Scotiabank Giller Prize Spotlight: André Alexis

September 8, 2019

André Alexis was born in Trinidad and grew up in Canada. His most recent novel, Fifteen Dogs, won the 2015 Scotiabank Giller Prize and the Rogers Writers’ Trust Fiction Prize. His debut novel, Childhood, won the Books in Canada First Novel Award, the Trillium Book Award, and was shortlisted for the Giller Prize and the Writers’ Trust Fiction Prize. His other books include Pastoral (nominated for the Rogers Writers’ Trust Fiction Prize), Asylum, Beauty and Sadness, Ingrid & the Wolf, Despair and Other Stories of Ottawa and Lambton, Kent and Other Vistas: A Play.

What/who inspires you to write?

There are a number of things and people who have inspired me, but I think books have inspired me more than anything else.

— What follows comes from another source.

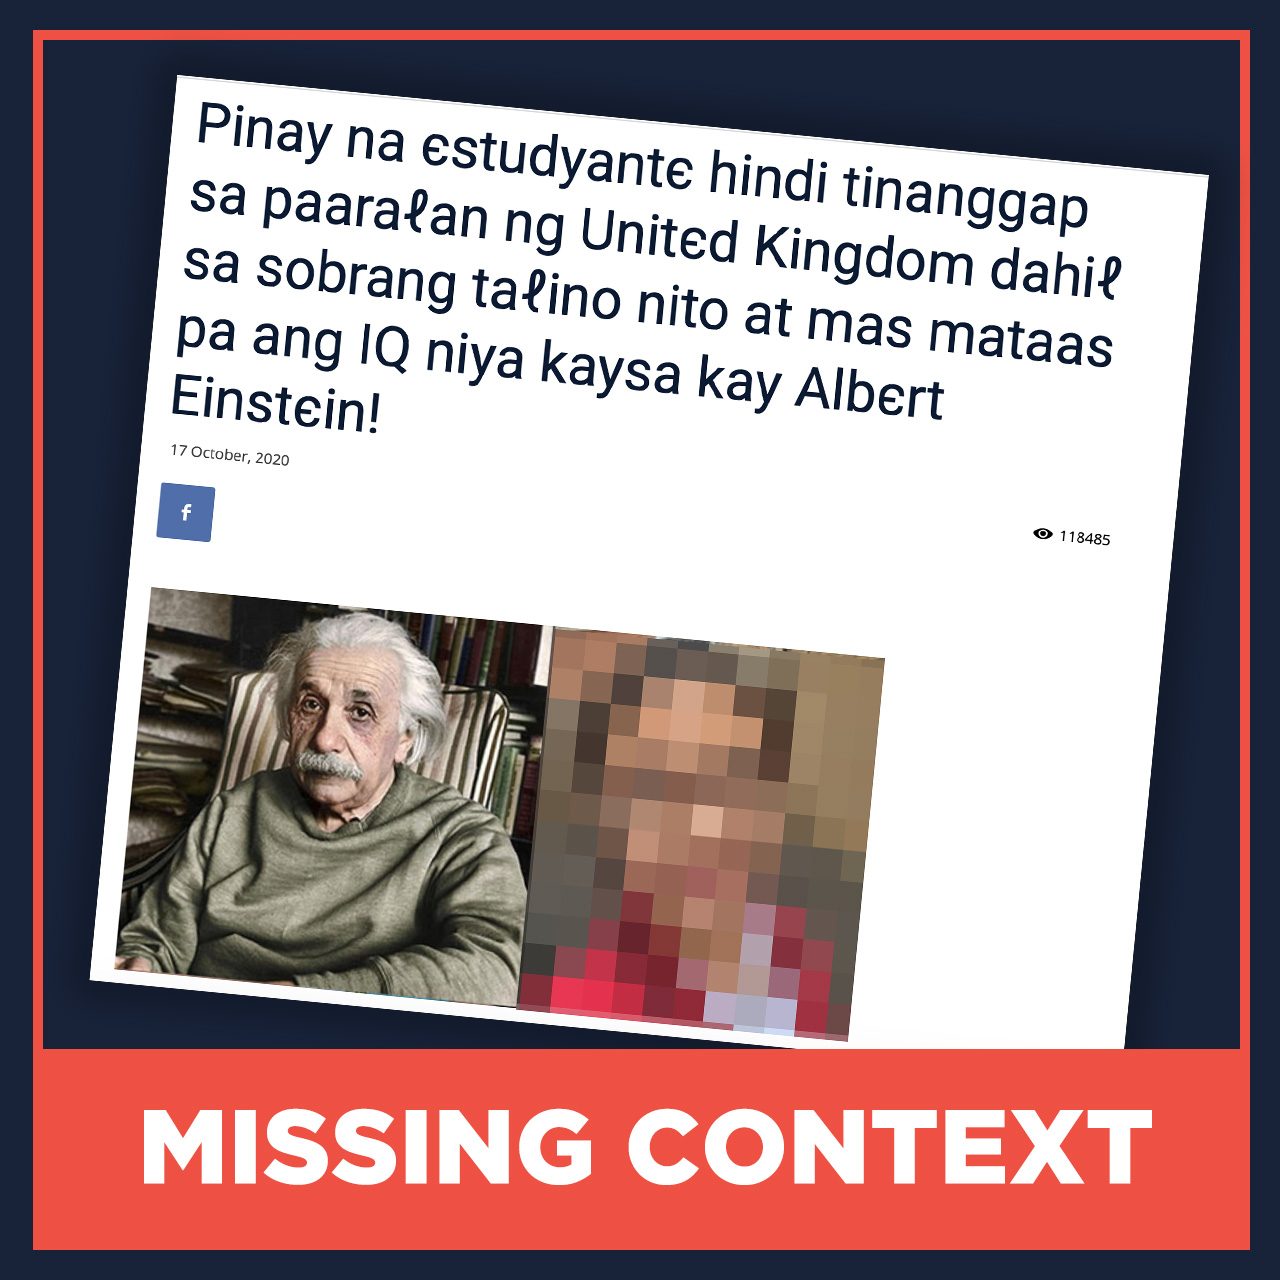 MISSING CONTEXT: Filipino student’s IQ is higher than Einstein’s

I sometimes think I write in response to other books even more than I feel the need to express my own impressions and feelings. So, I’ve been inspired by novels (Rachel Cusk’s Transit, Proust’s In Search of Lost Time…) and short stories (Paul Bowles’ A Distant Episode, Samuel Beckett’s First Love…) and poems (Donne’s Holy Sonnets, Dante’s Commedia, Robert Lowell’s Skunk Hour…)

Where is your favourite place to write?

A hotel room somewhere in New York or a cafe in a city I don’t know well.

Is there an activity you do to help inspire your writing?

No, not really. Nothing specific. Reading, I guess, or watching movies, or listening to music. I listen to loud music when I write, so when the writing isn’t going well, something by Matana Roberts (Song for Eulalie, say, but almost anything from the various iterations of Coin Coin) might get me going.

Do you have a tradition for every time you finish a book?

No. I wish I did, but I tend to feel slightly depressed – as well as euphoric – when a book is finished, so I never know what to do with myself.

What are you reading now?

I’m reading the books I’m teaching this year. So, Cusk’s Transit, Luiselli’s The Story of my Teeth, Yerofyev’s Moscow to the End of the Line, and a Harlequin romance by Sarah Morgan called Playing by the Greek’s Rules.

What is your favorite CanLit book?

Hard choice. As always, there isn’t only one. I love The Stone Angel, though I haven’t read it for a while. I still love Eunoia and Short Journey Upriver to Oishida and Running in the Family and…

What inspired you to write your Scotiabank Giller Prize nominated book?

The books I was reading – most of them listed at the back of the novel – and distant memories (and fears) of my encounters with the Canadian landscape, Canadian small towns, Canadian legends. (It’s a conspicuously Canadian book, in the end).

What do you hope readers take away from your book?

The same that the owner of a funhouse ride might want for his clients: amusement and a sense that our country is more unpredictable than its beautiful surfaces, even.